Essay № 011 · Line: Dialogue · 13 min read
Why AI criticism isn't written by real experts

Why AI criticism isn't written by real experts

№ 011 · Dialogue 13 min

You search Google for "criticism of artificial intelligence" in Spanish. The first ten results are signed, without exception, by brands that sell AI, consultancies that advise on AI or universities that recruit tuition by selling AI master's degrees. Three categories that live off the very business they claim to criticize. Those who really know —Crawford, Zuboff, Gebru, Hinton, O'Neil, Bostrom— don't write in Spanish, don't do informational SEO, and therefore don't exist for the Spanish-speaking user who opens the browser with an honest question. What that user reads is written by whoever has a direct interest in how they read it.

What you call "debate" is something else

Before going on, a technical word worth clarifying because I'm going to repeat it a fair bit. SERP stands for Search Engine Results Page: the results page Google returns when you search for something. The first ten links are the ones most people open. The rest, almost nobody. Whoever occupies those ten positions occupies, in practice, the entirety of the public debate on that matter for non-specialists. The SERP isn't a shop window: it's the full contour of the mental territory any ordinary person moves through when they wonder "this AI thing, what's wrong with it?"

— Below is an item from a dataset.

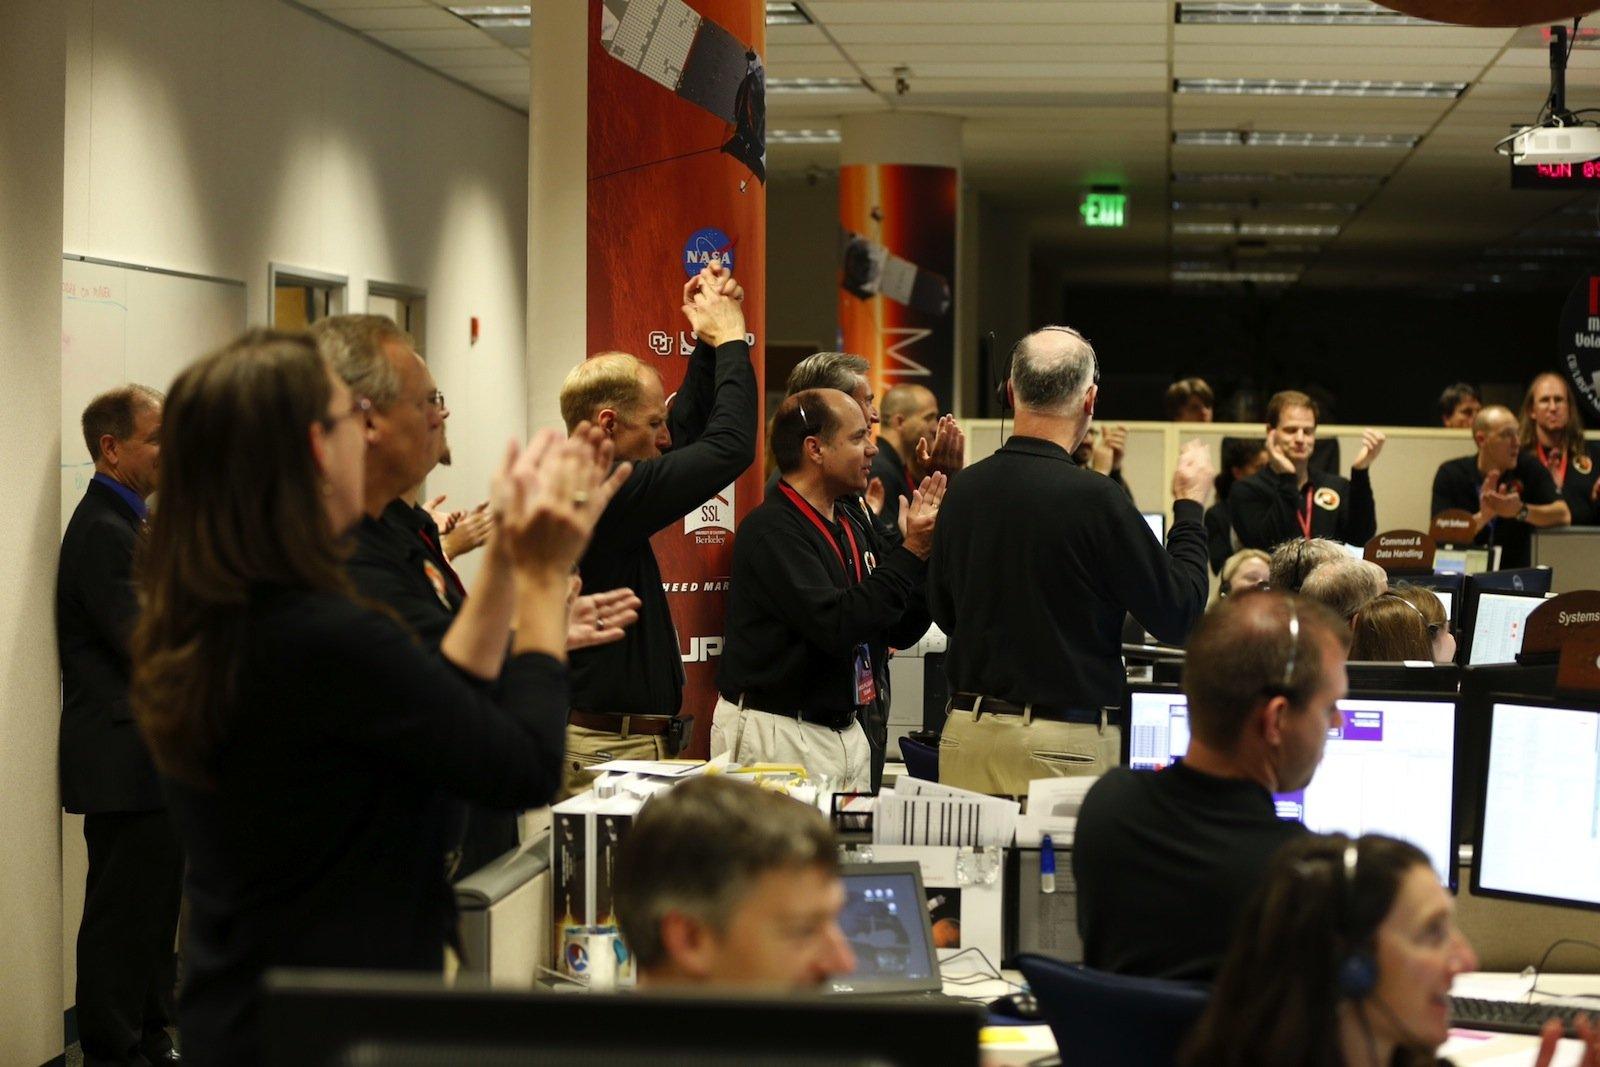 Jubel im Kontrollzentrum der NASA: Die Mars-Sonde Maven ist erfolgreich in die Umlaufbahn eingeschwenkt.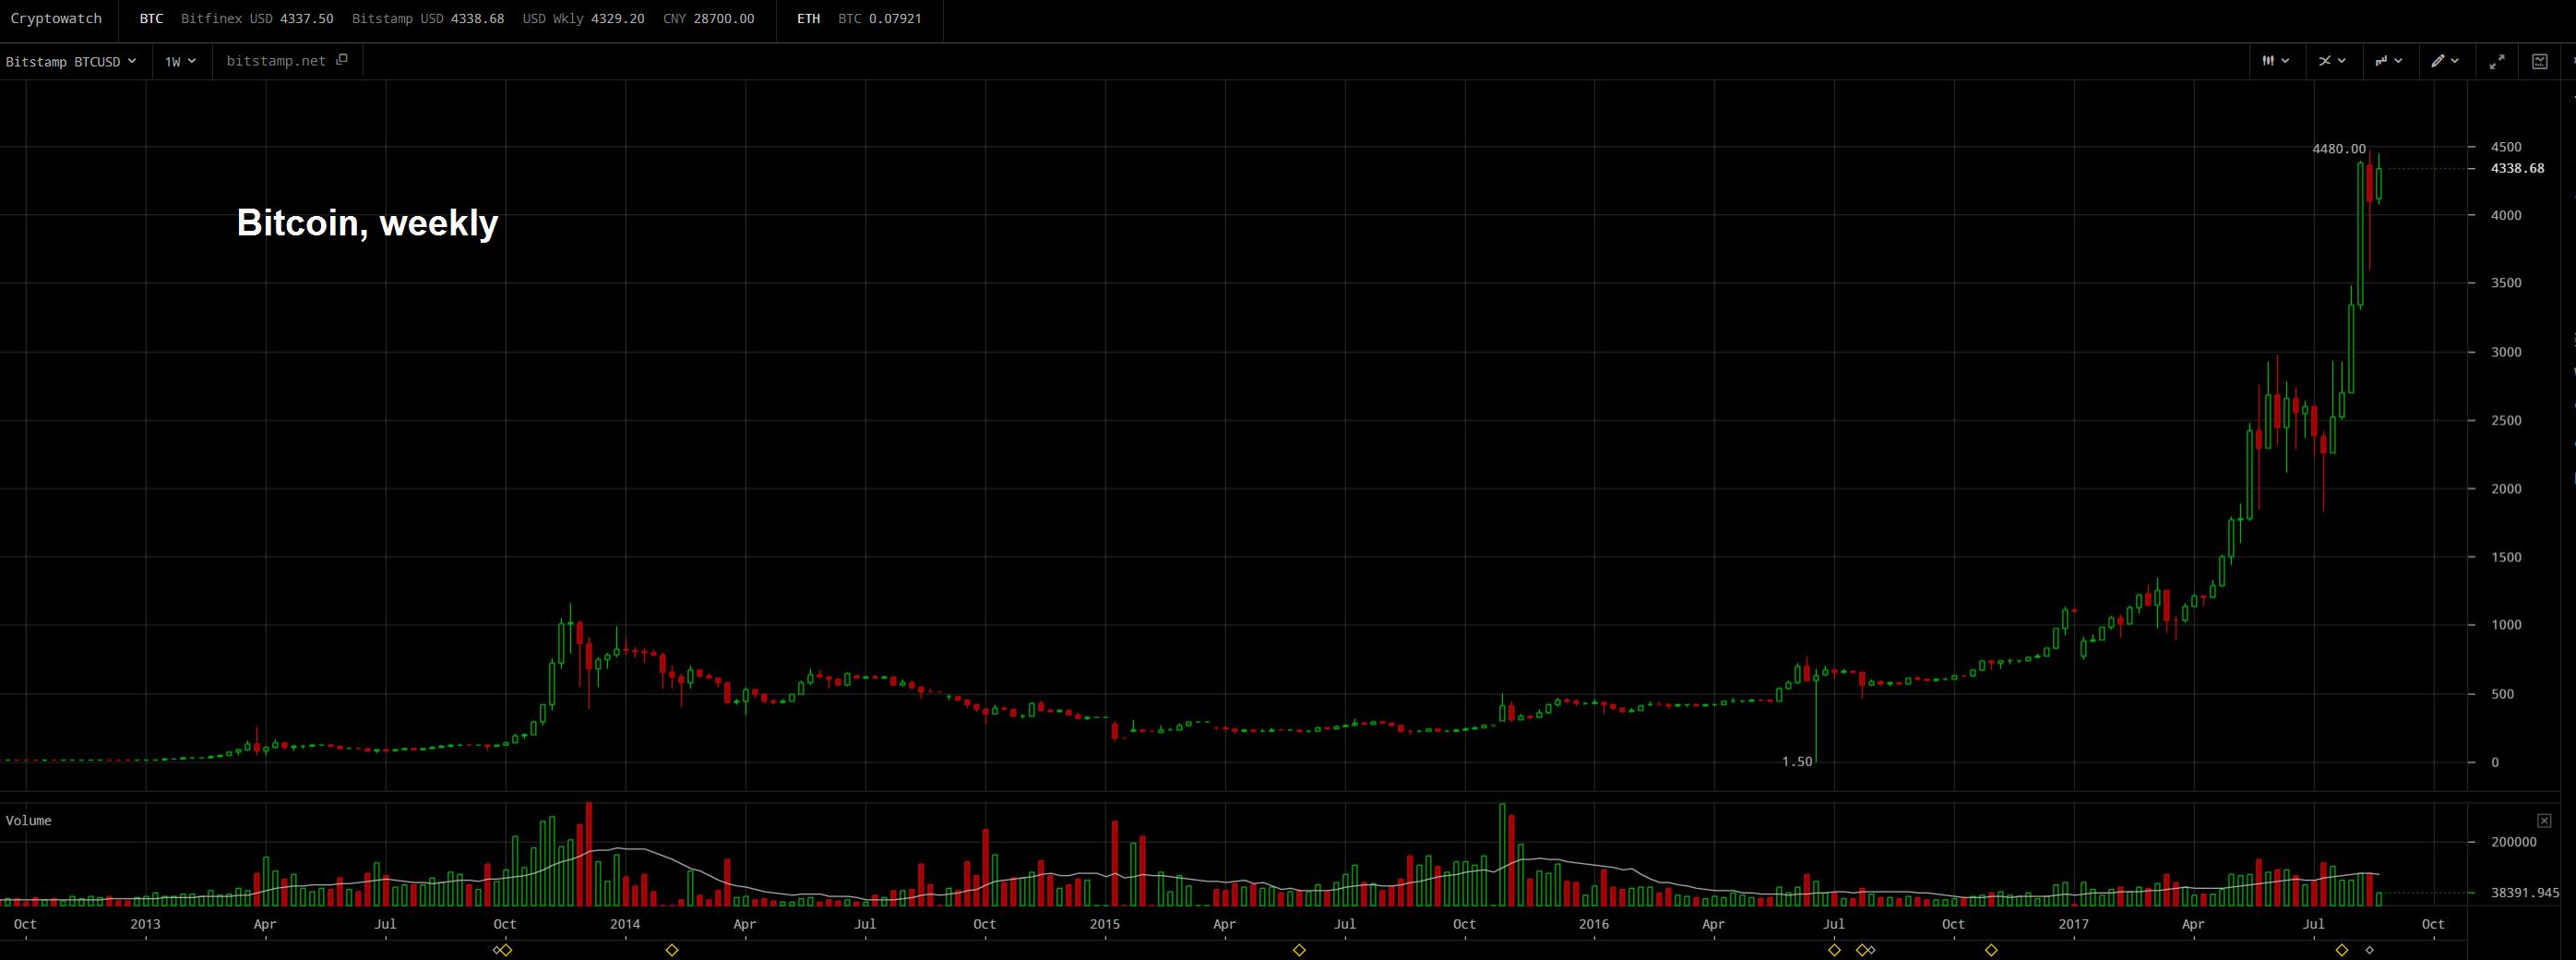 Bitcoin, Weekly

And that territory, in Spanish, is colonized. You type "risks of artificial intelligence" and the first results are IBM with its listicle of ten dangers, some consultancy with its own version of the same ten dangers, a private university selling a master's with a blog article that also lists ten dangers, and a cybersecurity firm recycling the same material with the word "cybersecurity" stuck to the headline. You type "disadvantages of AI" and the same cast appears with slight chromatic variations. You type "ethical problems of AI" and the protagonists are the same as always. Judge and party. All living off the sector. All with the same format.

There's no debate. There's occupation.

The listicle factory

Maybe it's worth looking at how a "10 dangers of AI" listicle gets manufactured before going on. Because the format isn't innocent; the format is the content.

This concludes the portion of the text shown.